Metadata-Version: 2.4
Name: langchain-markitdown
Version: 0.1.4
Summary: LangChain data loaders based on Markdown by @untrueaxioms.
Home-page: https://github.com/nsasto/langchain-markitdown
Author: Nathan Sasto
License: MIT
Classifier: Development Status :: 3 - Alpha
Classifier: Intended Audience :: Developers
Classifier: Topic :: Software Development :: Libraries :: Python Modules
Classifier: Topic :: Text Processing :: Markup :: Markdown
Classifier: Programming Language :: Python :: 3
Classifier: Programming Language :: Python :: 3.8
Classifier: Programming Language :: Python :: 3.9
Classifier: Programming Language :: Python :: 3.10
Classifier: Programming Language :: Python :: 3.11
Classifier: Programming Language :: Python :: 3.12
Classifier: License :: OSI Approved :: MIT License
Classifier: Operating System :: OS Independent
Requires-Python: >=3.8
Description-Content-Type: text/markdown
License-File: LICENSE
Requires-Dist: markitdown[all]
Requires-Dist: langchain_core
Requires-Dist: langchain-text-splitters
Requires-Dist: langchain_openai
Requires-Dist: docx
Provides-Extra: dev
Requires-Dist: pytest; extra == "dev"
Requires-Dist: python-docx; extra == "dev"
Requires-Dist: python-pptx; extra == "dev"
Requires-Dist: openpyxl; extra == "dev"
Requires-Dist: pytest-cov; extra == "dev"
Dynamic: author
Dynamic: classifier
Dynamic: description
Dynamic: description-content-type
Dynamic: home-page
Dynamic: license
Dynamic: license-file
Dynamic: provides-extra
Dynamic: requires-dist
Dynamic: requires-python
Dynamic: summary

# Markitdown LangChain Integration

This project provides document loaders that seamlessly integrate the Markitdown library with LangChain. Markitdown excels at converting various document types (DOCX, PPTX, XLSX, and more) into Markdown format. These loaders empower you to effortlessly load, process, and analyze these documents within your LangChain pipelines.

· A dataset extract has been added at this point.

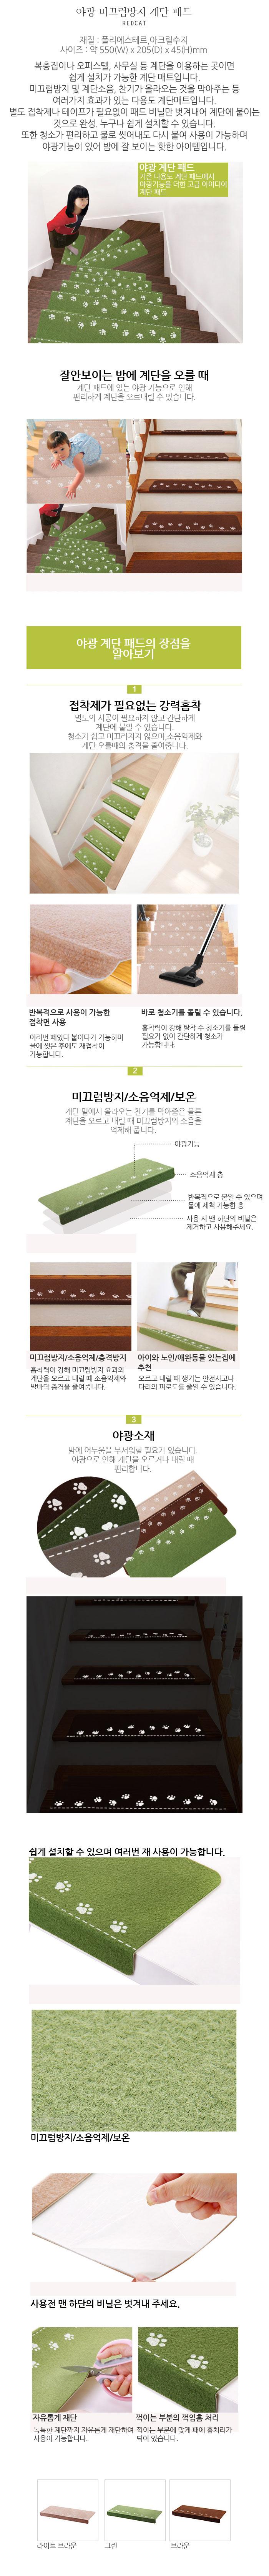 야광 미끄럼방지 계단 패드 - 네코리빙, 5,760원, 위생/안전용품, 안전용품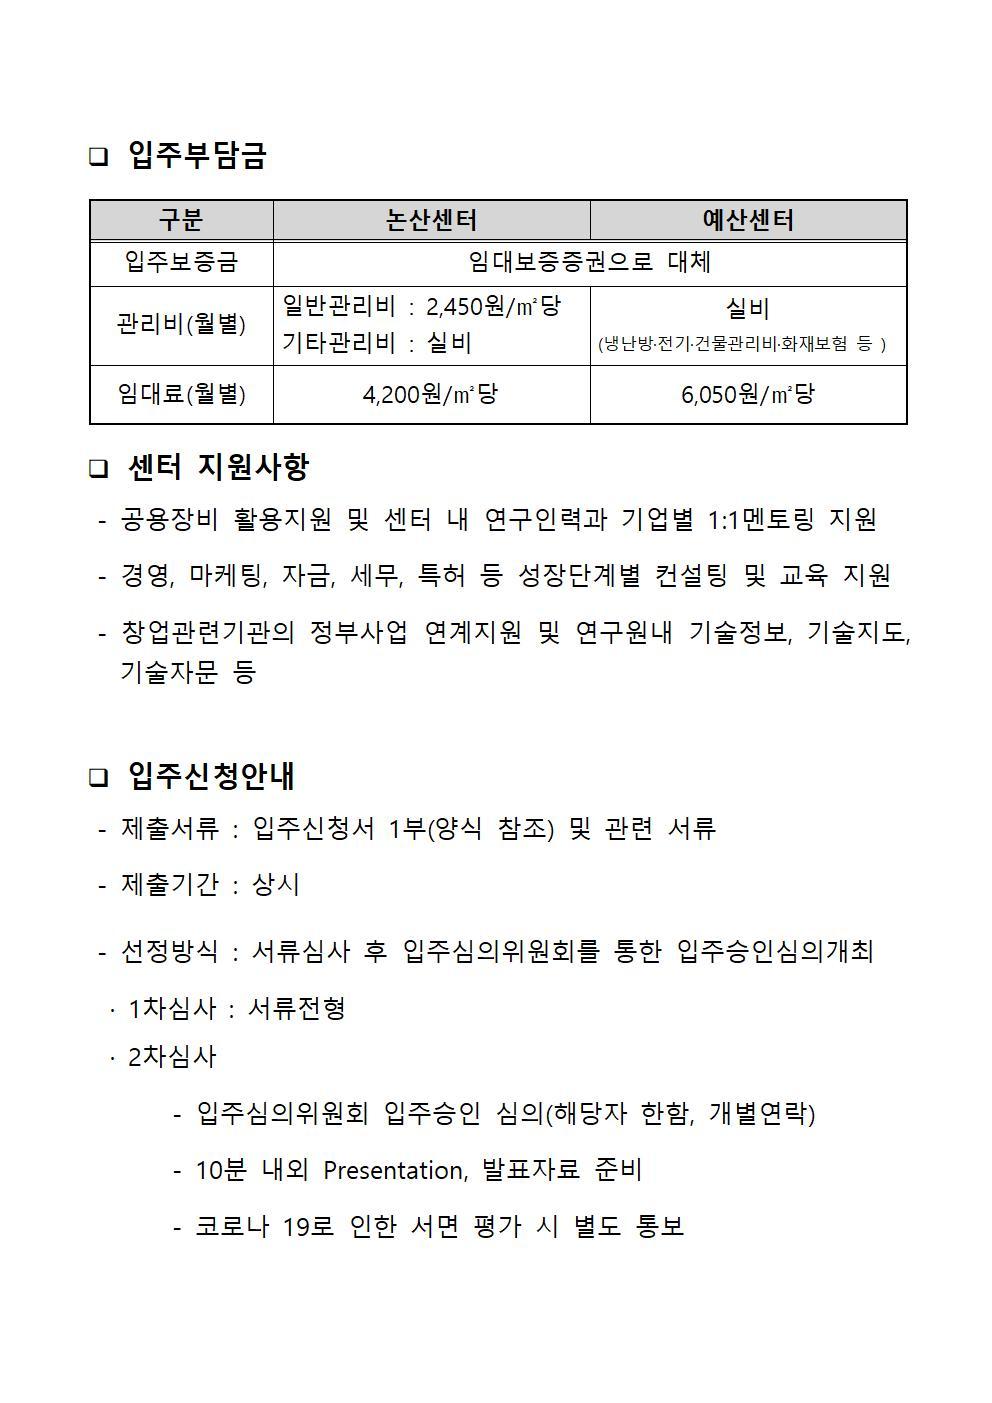 바이오센터 입주기업 모집공고_2_1.jpg

MarkItDown is a lightweight Python utility designed for converting diverse file formats into Markdown, optimized for use with Large Language Models (LLMs) and related text analysis workflows. It shares similarities with `textract` but distinguishes itself by prioritizing the preservation of crucial document structure and content as Markdown. This includes headings, lists, tables, links, and more. While the output is generally readable, its primary purpose is to be consumed by text analysis tools, rather than serving as a high-fidelity document conversion solution for human readers.

Explore the MarkItDown project on GitHub: [https://github.com/microsoft/markitdown](https://github.com/microsoft/markitdown)

Currently, MarkItDown supports:

- PDF
- PowerPoint
- Word
- Excel
- Images (EXIF metadata and OCR)
- Audio (EXIF metadata and speech transcription)
- HTML
- Text-based formats (CSV, JSON, XML)
- ZIP files (iterates over contents)
- YouTube URLs
- EPUBs
- ...and many more!

While this project borrows liberally from the amazing LangChain and Markitdown projects, it is not affiliated with either in any way.

## Installation

Install the package using pip:

```bash
pip install markitdown-langchain
```

## Usage

### Specific Examples

#### DOCX


```
from markitdown_langchain import DocxLoader

loader = DocxLoader("path/to/your/document.docx")
documents = loader.load()
```

#### PPTX

```
from markitdown_langchain import PptxLoader

loader = PptxLoader("path/to/your/presentation.pptx")
documents = loader.load()
```

#### XLSX


```
from markitdown_langchain import XlsxLoader

loader = XlsxLoader("path/to/your/spreadsheet.xlsx")
documents = loader.load()
```

## Metadata

The `Document` objects returned by the loaders include the following metadata:

- `source`: The path to the source file.
- `file_name`: The name of the source file.
- `file_size`: The size of the source file in bytes.
- `conversion_success`: A boolean indicating whether the conversion to Markdown was successful.
- `author`: The author of the document (if available in the document metadata).
- `page_number`: The page number (if splitting by page).
Header information: When splitting by headers, the metadata will also include the header levels and values for each split.

## Contributing

Contributions are welcome! Please fork the repository and submit a pull request with your changes.

## License

[MIT License](LICENSE)

## Trademarks

Markitdown, and so this project by extension, may contain trademarks or logos for projects, products, or services. Authorized use of Microsoft trademarks or logos is subject to and must follow Microsoft's Trademark & Brand Guidelines. Use of Microsoft trademarks or logos in modified versions of this project must not cause confusion or imply Microsoft sponsorship. Any use of third-party trademarks or logos are subject to those third-party's policies.